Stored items
[Start of section]

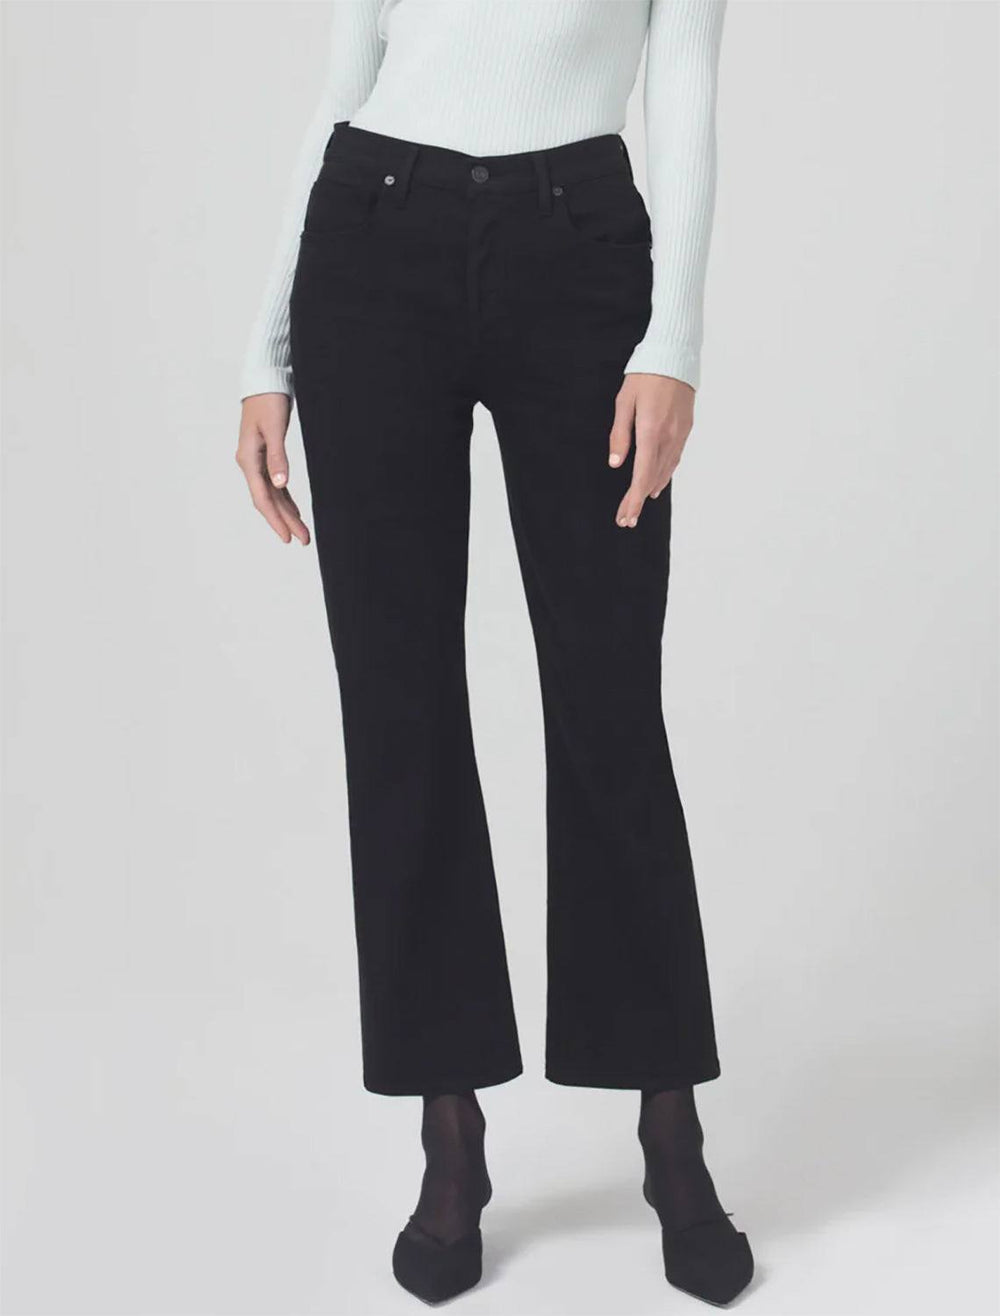 Model wearing Citizen of Humanity's Isola Cropped Boot in Plush Black. Model pairs the pants with a light blue ribbed long sleeve shirt and black heels.
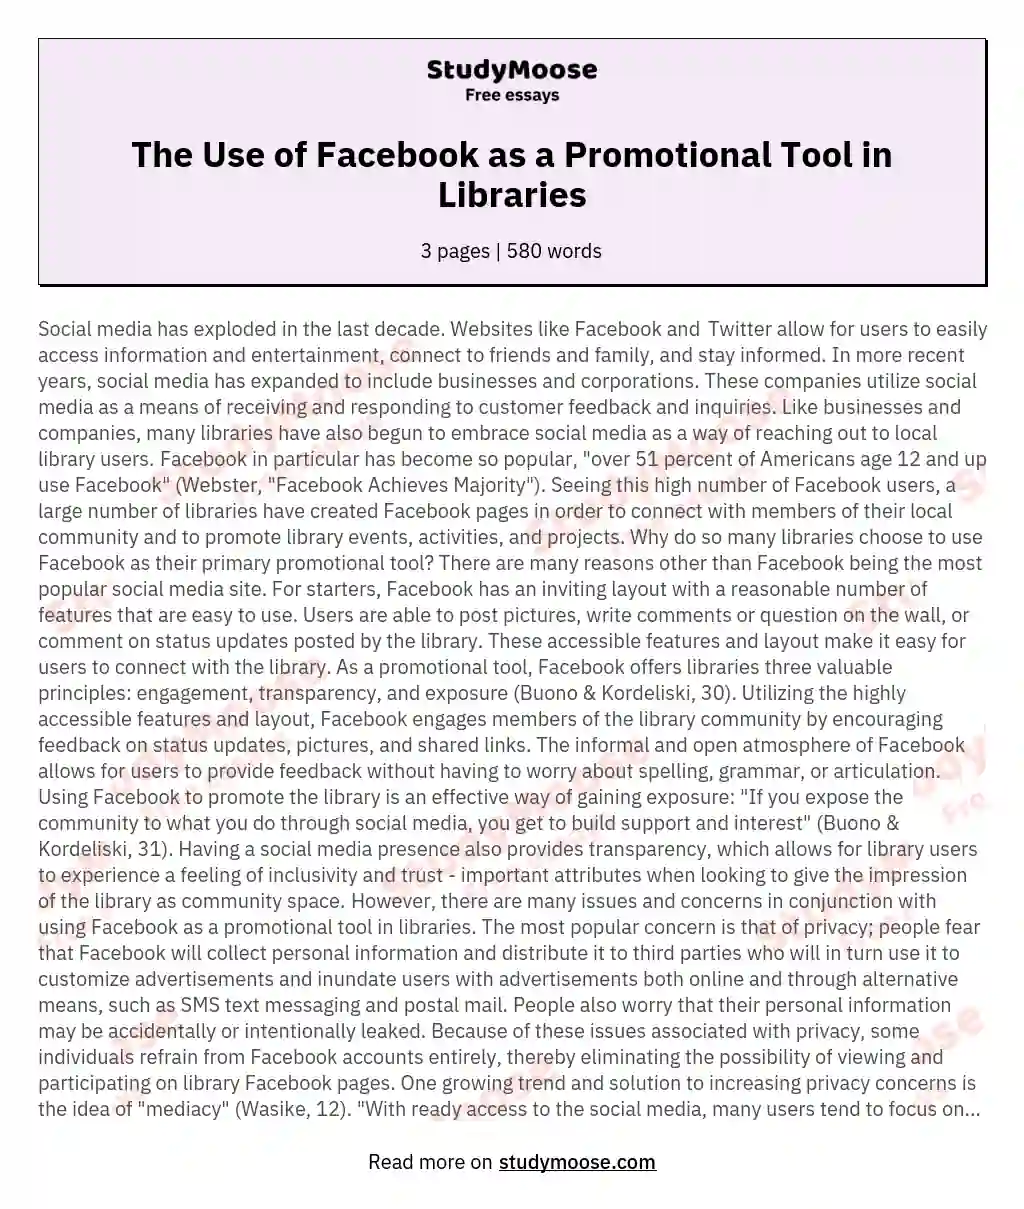 The Use of Facebook as a Promotional Tool in Libraries essay
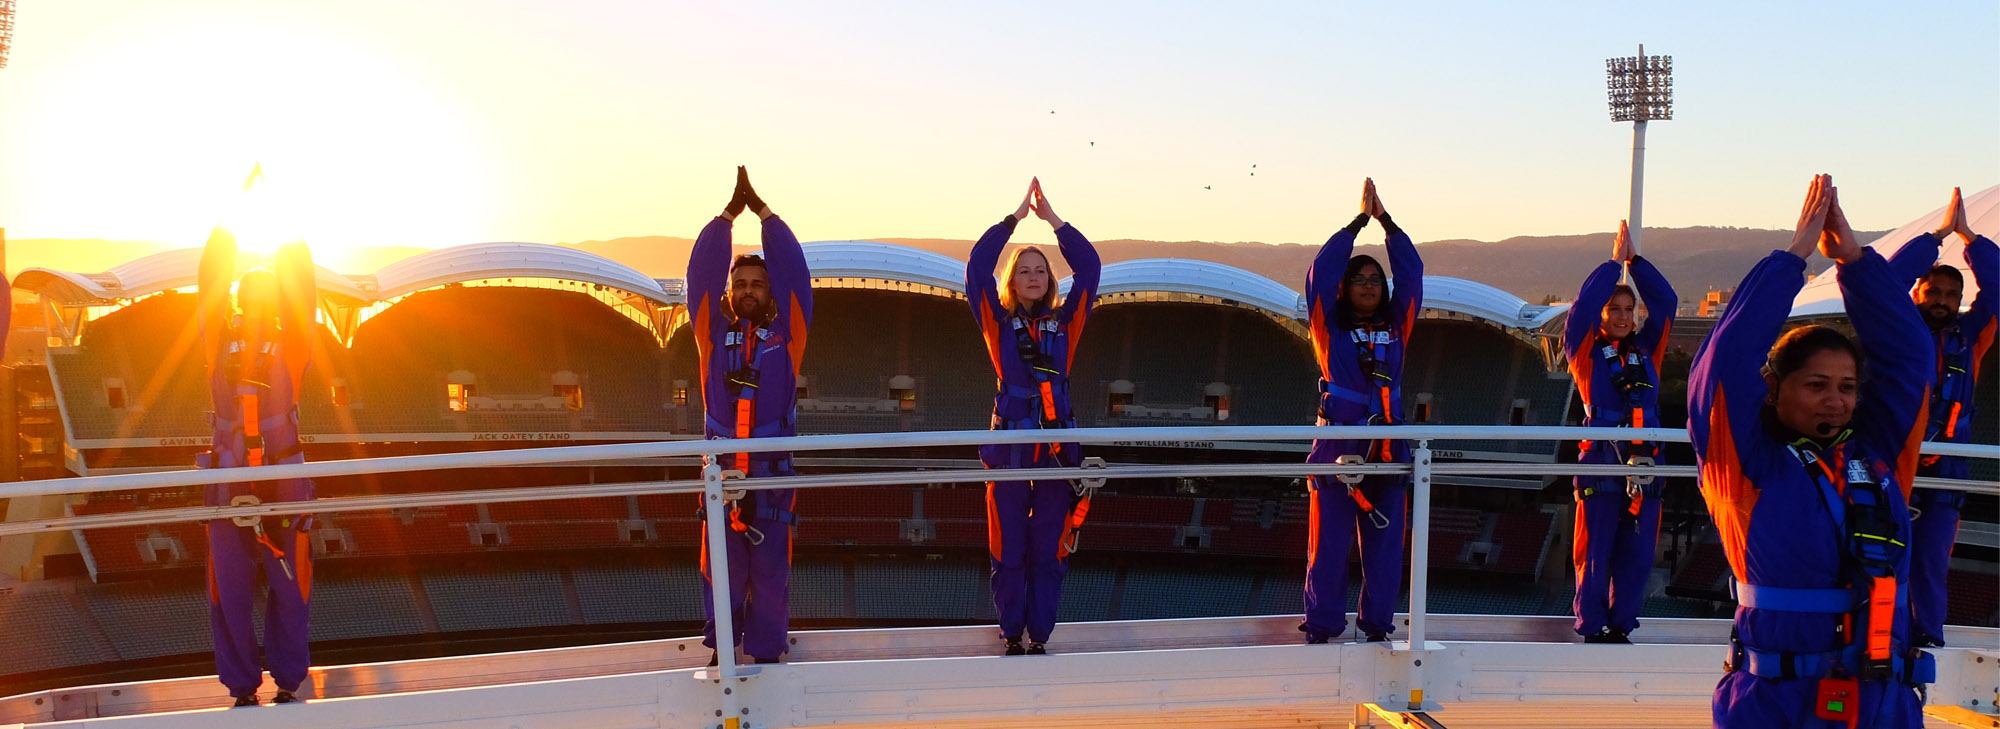 RoofClimb Yoga. Adelaide Oval. Cultural Attractions of Australia.
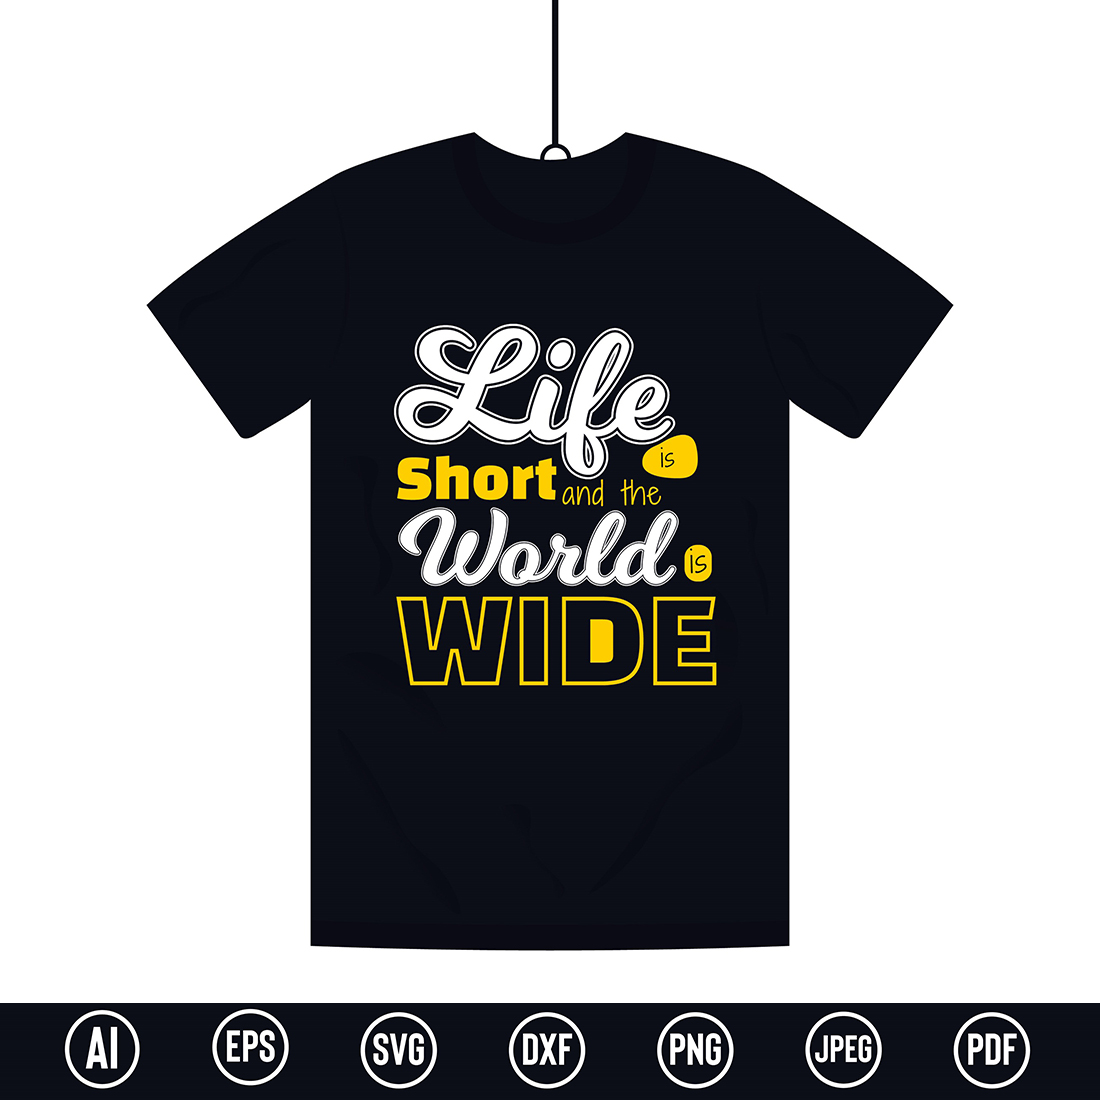 Motivational traveler Typography T-Shirt design with “Life is short and the world is wide” quote for t-shirt, posters, stickers, mug prints, banners, gift cards, labels etc cover image.
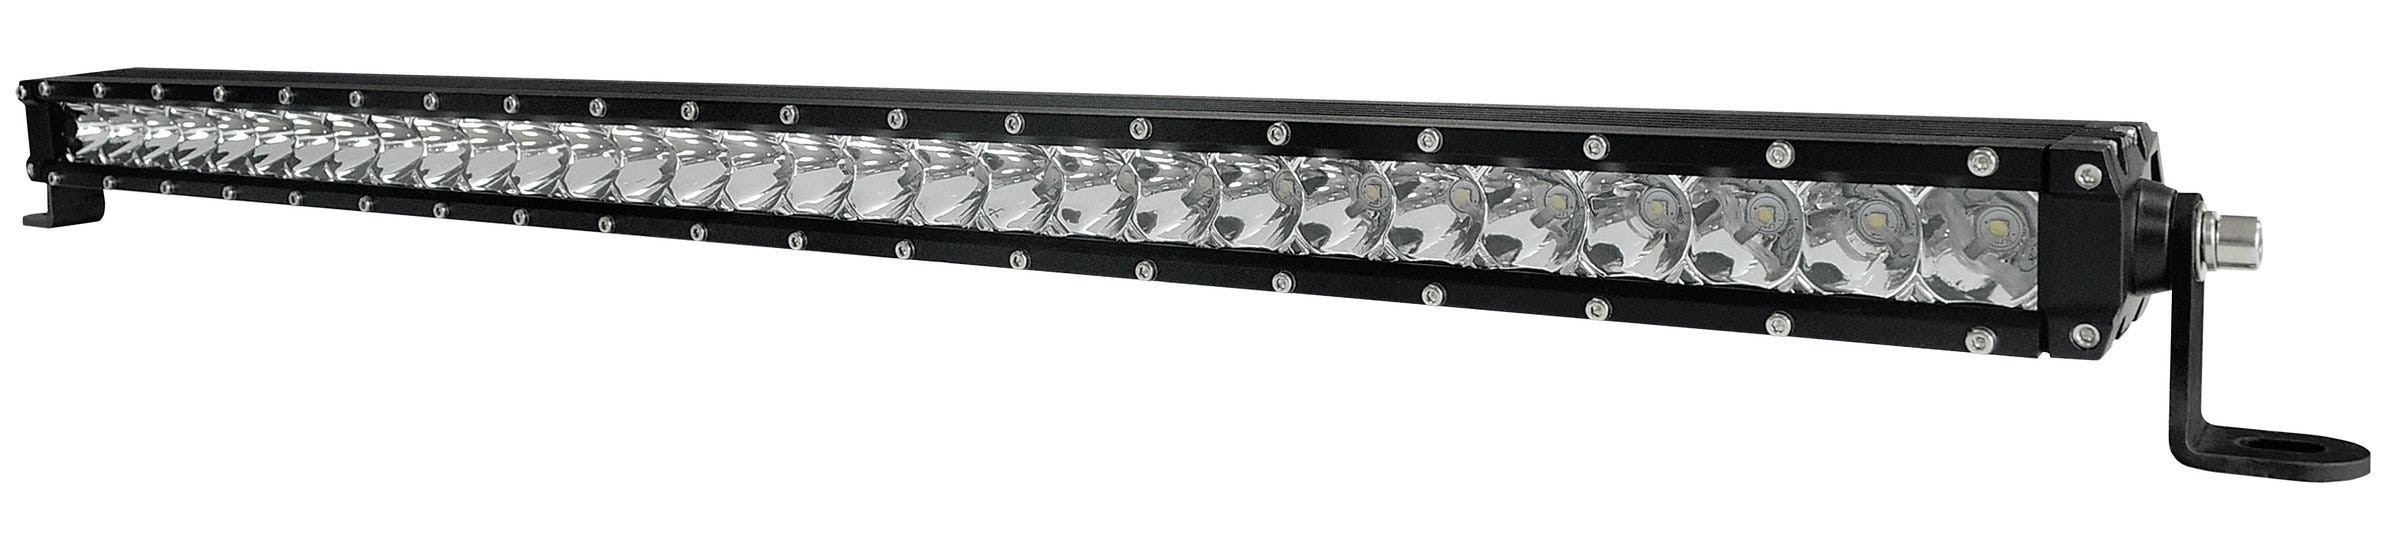 evergear-30-inch-150w-offroad-roof-led-single-row-light-bar-for-suv-atv-size-31-57-1
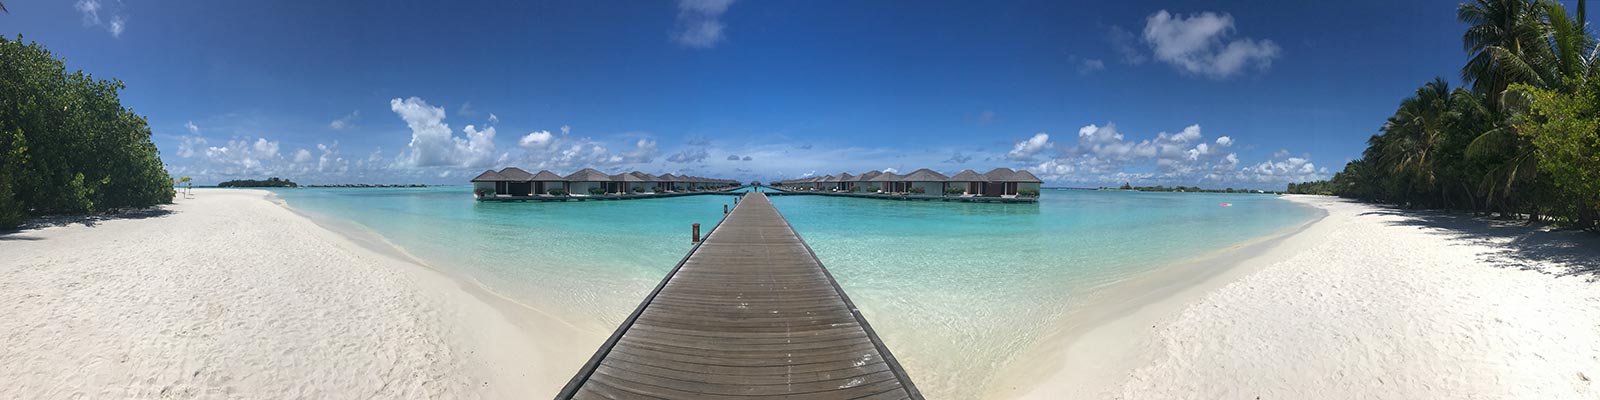 The walkway to the water villa from the beach in Maldives. The Maldives & upgraded to the best villa on the island

[End of section]

## REQUIRED WORK
Exactly the lines from the one containing "RoofClimb Yoga. Adelaide" to the end of the records above, both end lines included, are to be printed, and no pictures with them.

## WRITTEN SOLUTION
 RoofClimb Yoga. Adelaide Oval. Cultural Attractions of Australia.
 Motivational traveler Typography T-Shirt design with “Life is short and the world is wide” quote for t-shirt, posters, stickers, mug prints, banners, gift cards, labels etc cover image.
 evergear-30-inch-150w-offroad-roof-led-single-row-light-bar-for-suv-atv-size-31-57-1
 The walkway to the water villa from the beach in Maldives. The Maldives & upgraded to the best villa on the island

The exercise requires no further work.